Вот яркие звезды над безмятежной водой огромного озера. Вот на берегу спят, еще не ведая ничего о мире, первые квэнди. Вот они пробудились и увидели звезды. Первый крик. Первый шаг по земле. Первый глоток воды. Первое прикосновение к другому квэндо, пожатие руки.
Странно было наблюдать все это со стороны. Еще более странно находить на гобеленах саму себя. Та Индис казалась красивее и сильнее, решительнее, чем теперь помнила Индис нынешняя, и в то же время беззащитней. Чувство было почти то же, какое при жизни возникало у нее иногда, когда она смотрела на своих спящих детей.
История квэнди, история эльдар, история миньяр, история ее семьи — ее история медленно разворачивалась перед Индис полнее и ярче, чем она знала прежде.
Почти забытые знакомцы, друзья, с которыми после разделила судьба, посторонние, узам близости с которыми суждено было возникнуть намного позже, и родные — те, с кем бок о бок пройдено все — ставшие еще родней. Вперед и вперед. Год за годом... Как Ингвэ пережил их нынешнюю разлуку... никогда, кроме только времени его посольства в Валинор, не разлучались они надолго, и даже если жили не рядом, осанвэ всегда соединяло их, как невидимый мостик. А сейчас ему пусто без этого, должно быть. Непривычно.

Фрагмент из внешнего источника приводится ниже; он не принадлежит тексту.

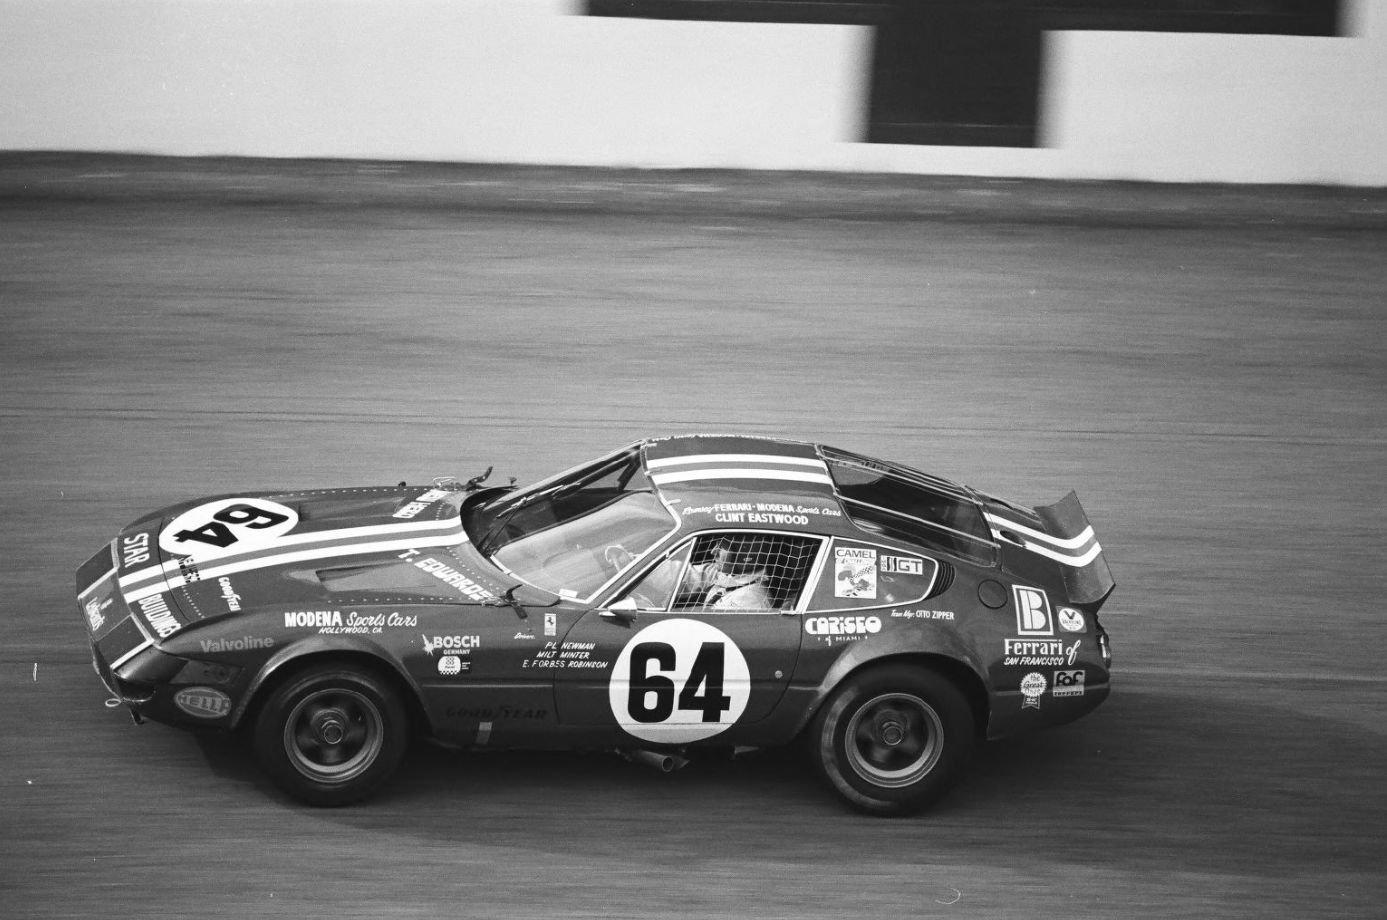 Ferrari_Daytona_64_PLN.jpg
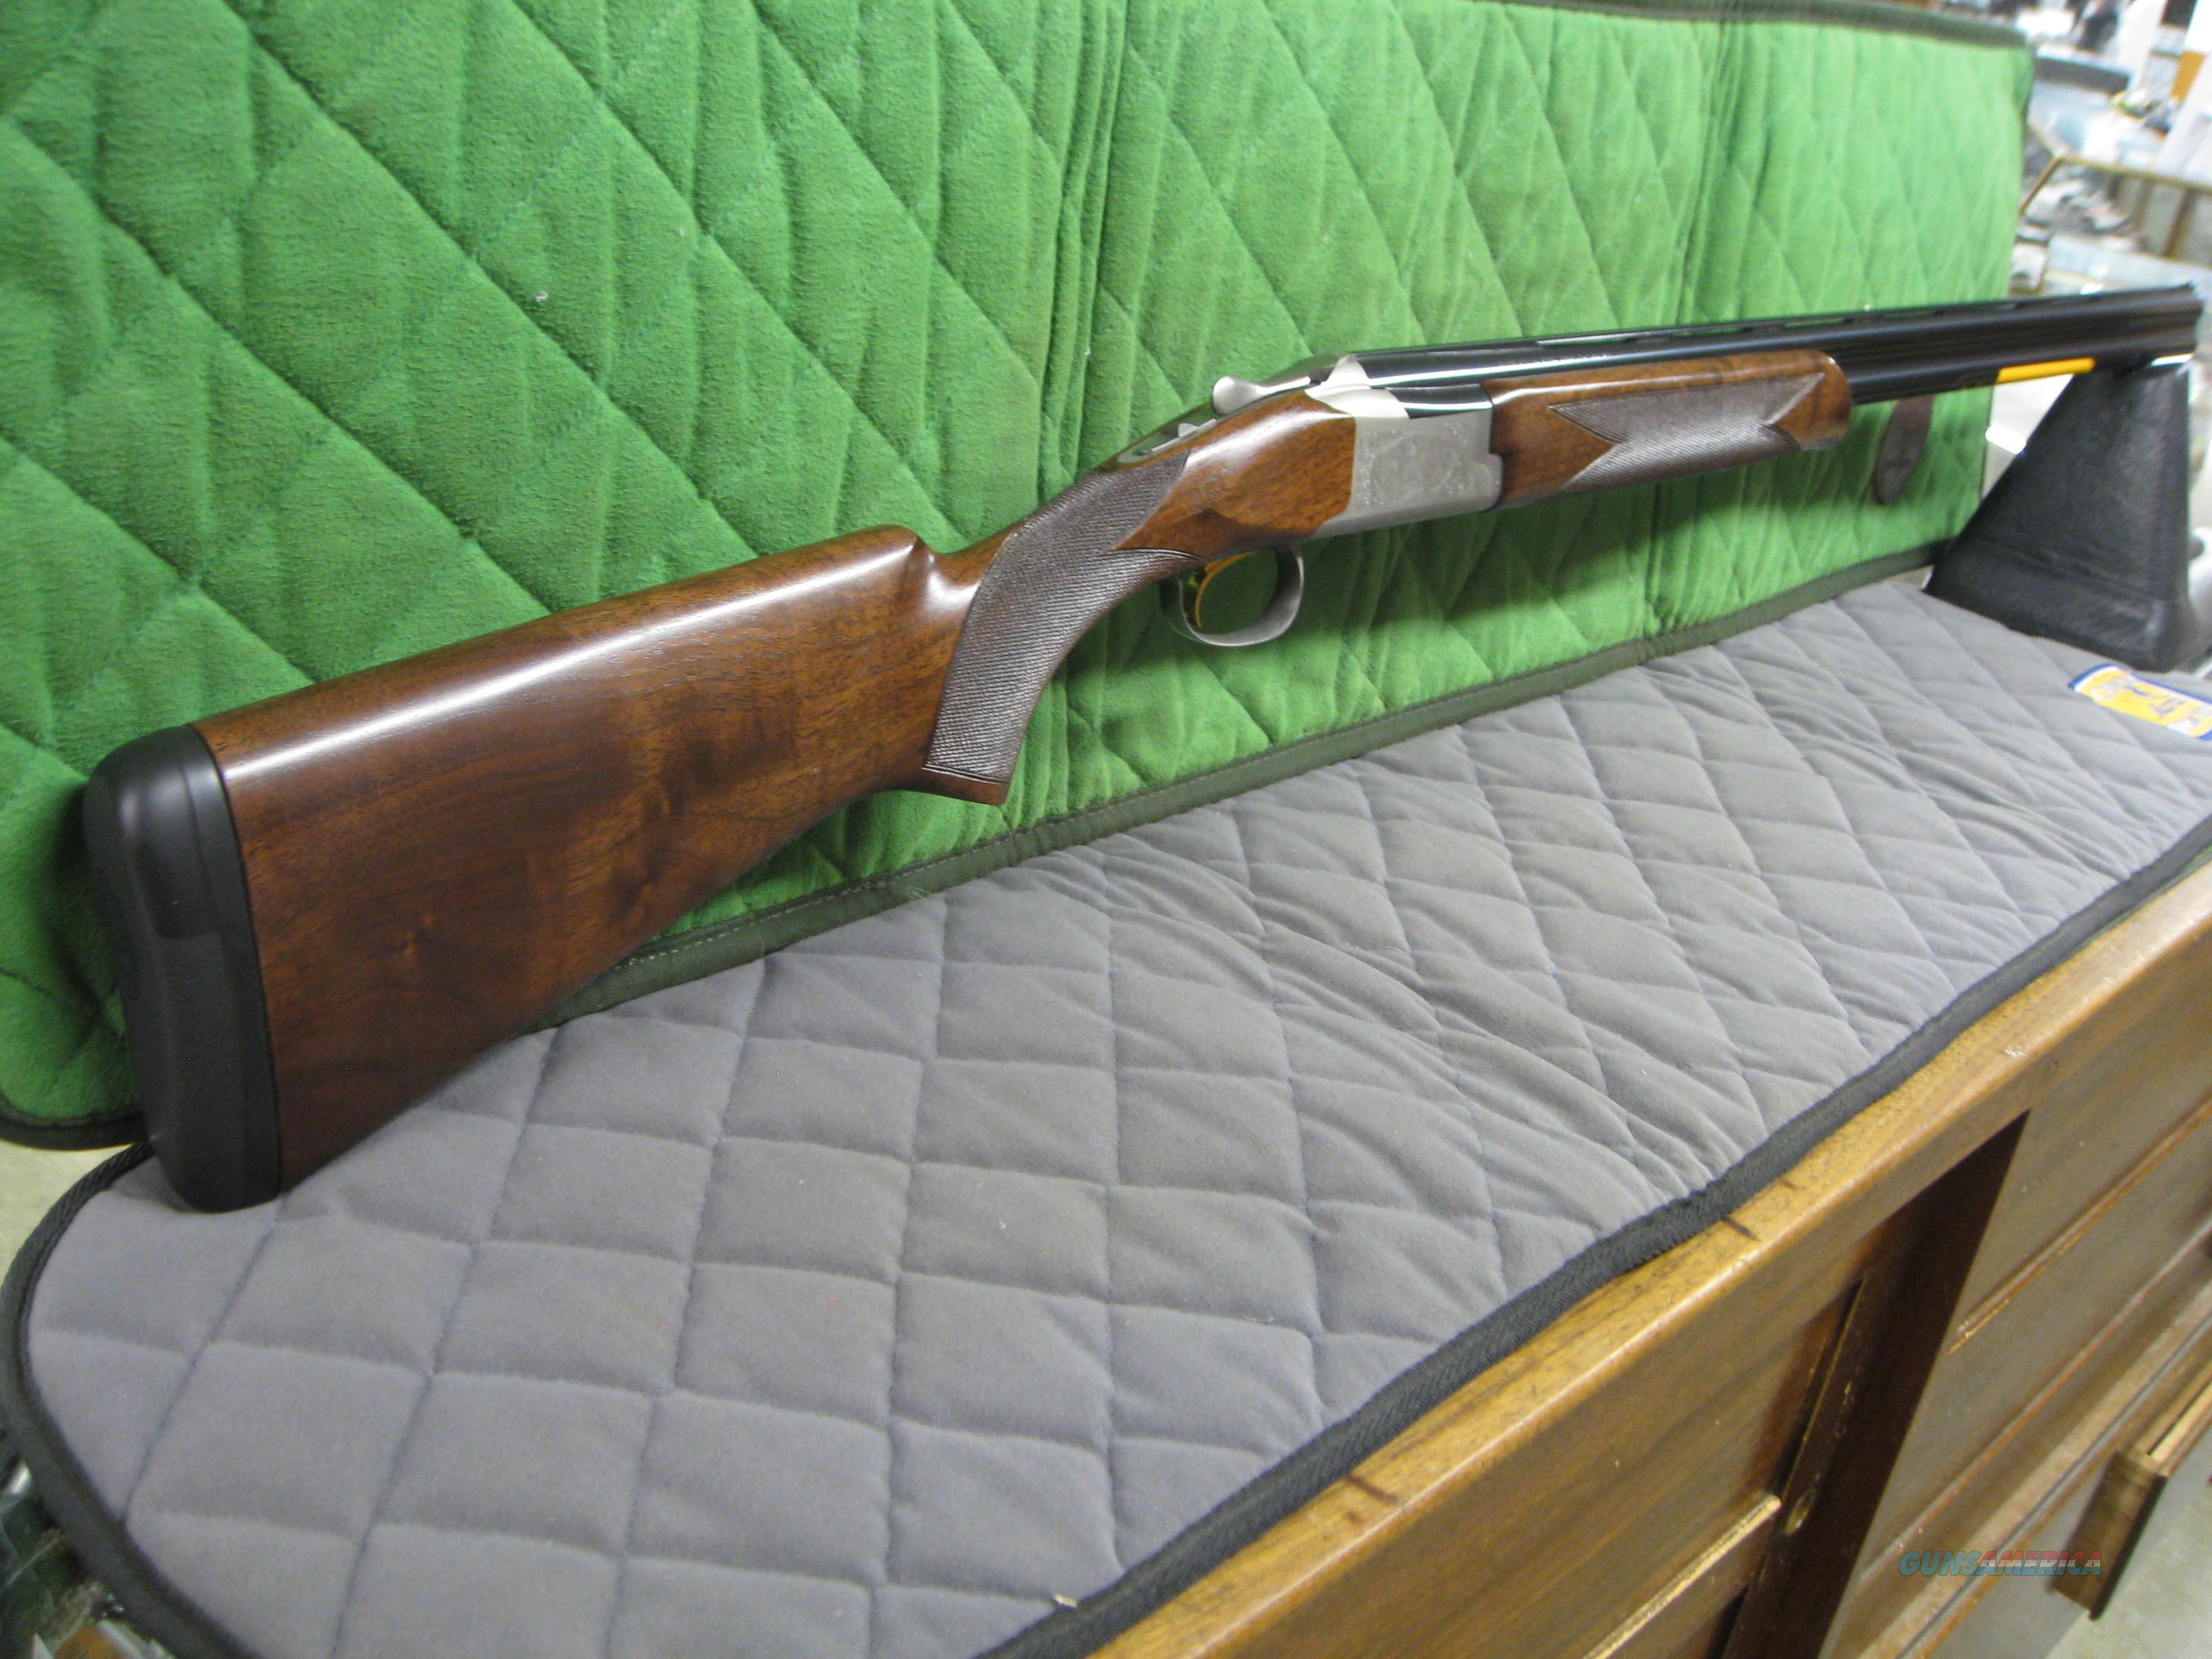 Browning Citori 725 Field 20 Gauge 28 Inch **NEW**  Guns > Shotguns > Browning Shotguns > Over Unders > Citori > Hunting

Хотя, быть может, он уже и привык.
Впервые Индис задумалась, сколько времени провела в Чертогах. Но никакого ответа на этот вопрос не было, поэтому она просто двинулась дальше.
На гобеленах, мимо которых Индис проходила теперь, были изображены годы после ухода миньяр из Тириона. Блаженство Валинора. Ученичество у Манвэ. Любовь к Финвэ. Безответная. И такая безнадежная, что даже не горько. Одиночество до конца вечности, с которым она смирилась… В то время Индис представить себе не могла, как все сложится на самом деле.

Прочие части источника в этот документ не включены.